Не трудней, чем к Богу в Елисейские поля.
Только есть страна, там развалин груды
Не зажили и
всё ещё болят.
Но туда не то, что в Париж, простите,
Потрудней, чем к Богу в Елисейские поля…
Мне бы в Русь-страну, за кордон, – пустите! —
Мне бы в Русь-страну, там же кровь моя.
Не оттуда ль сны в подсознанье рвались,
И кружил в мозгу чей-то Лик Святой?
А под-над горой, где наш храм взорвали,
Где театр возрос, как бурьян пустой,
Там воскресный гул до сих пор не тонет…
Мне бы в Русь-страну… я б не знала сна,
Обнищав бы шла, изодрав ладони!..
Что Париж… Париж… Ах, оставьте нас!
Я вспомню о тебе, Земля!
Твоих примет живое просторечье
Всё мимо уст и душ смертельной сечи
Мимо; и мимо взгляд.
Но это… покуда ноги – твердь,
Опору чувствуют и тело – в равновесии.
Нас разлучит, как стих и музыку, и песни
Нашей никому уже не спеть.
Но стих о музыке воспомнит.
И грех восполнит свой невосполнимый.
И всё, что чуждо и теперь гонимо,
Ярчайшей явью мысль обгонит.
И обоймёт.
Река – рекой, а месяц – месяцем предстанет,
И образов чреда блистать устанет,
И сердце-призрак о земном вздохнёт.
…Цветочек комнатный засох,
Полить забыла.

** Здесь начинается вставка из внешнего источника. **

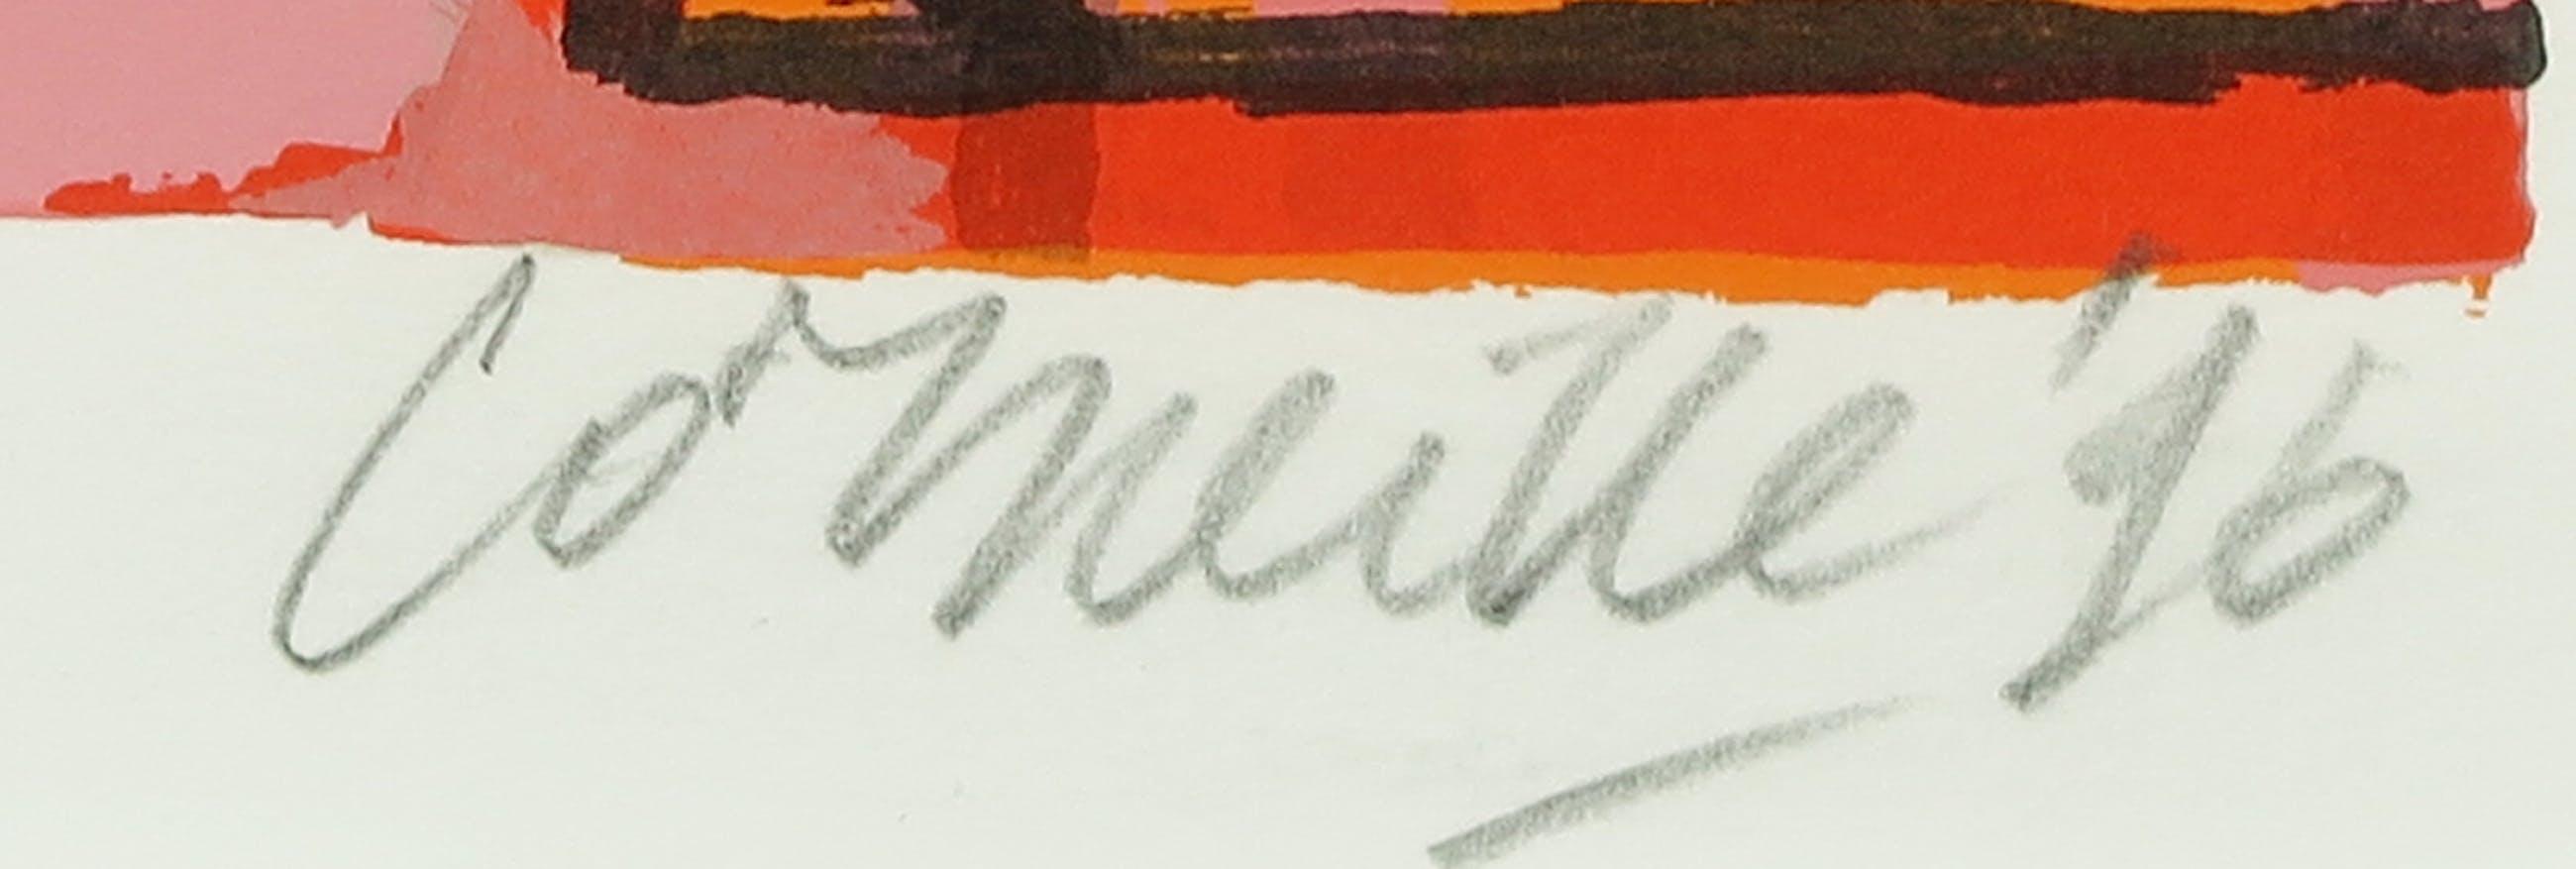 Corneille - Zeefdruk, Femme Orange et L'oiseau Jaune - Ingelijst kopen? Bied vanaf 150!

Забываю.
Живому – что? – земля живая.
Но станет призрачному – Бог.
Терзало, ранило
и там, внутри, металось
Волной вздымалось, пенилось в груди…
Всё приняла
в свою
пред миром
малость.
И всё приму,
что грянет впереди.
Но не печаль… порой пустым кривляньем,
Не радости высокомерие
к рабам своим,
Не звёзд позорное закланье,
Не смерть, не поклонение гробам
Святым…
и даже не любовь
с её забавой,
Влеченьем
к стихотворной шелухе…
Я знаю, Стих, один лишь Стих кровавый,
в раскаянии и во грехе,
Один лишь он, молитв моих терзанье,
Всю правду выдюжит, до полного толчка!
И длиться будет вечно умирание
И вечно – отпевание сверчка.
И вечность слёз спадёт в вечернюю предмрачность.
И Мрак увижу я, Великий Мрак-Отец!
Какая сладость в нём! Какая в нём прозрачность!
Какая звучность! Не для глохнущих сердец…
Ах, вижу я:
молекулой потомка ворочается Он,
как зверь в своей глуши.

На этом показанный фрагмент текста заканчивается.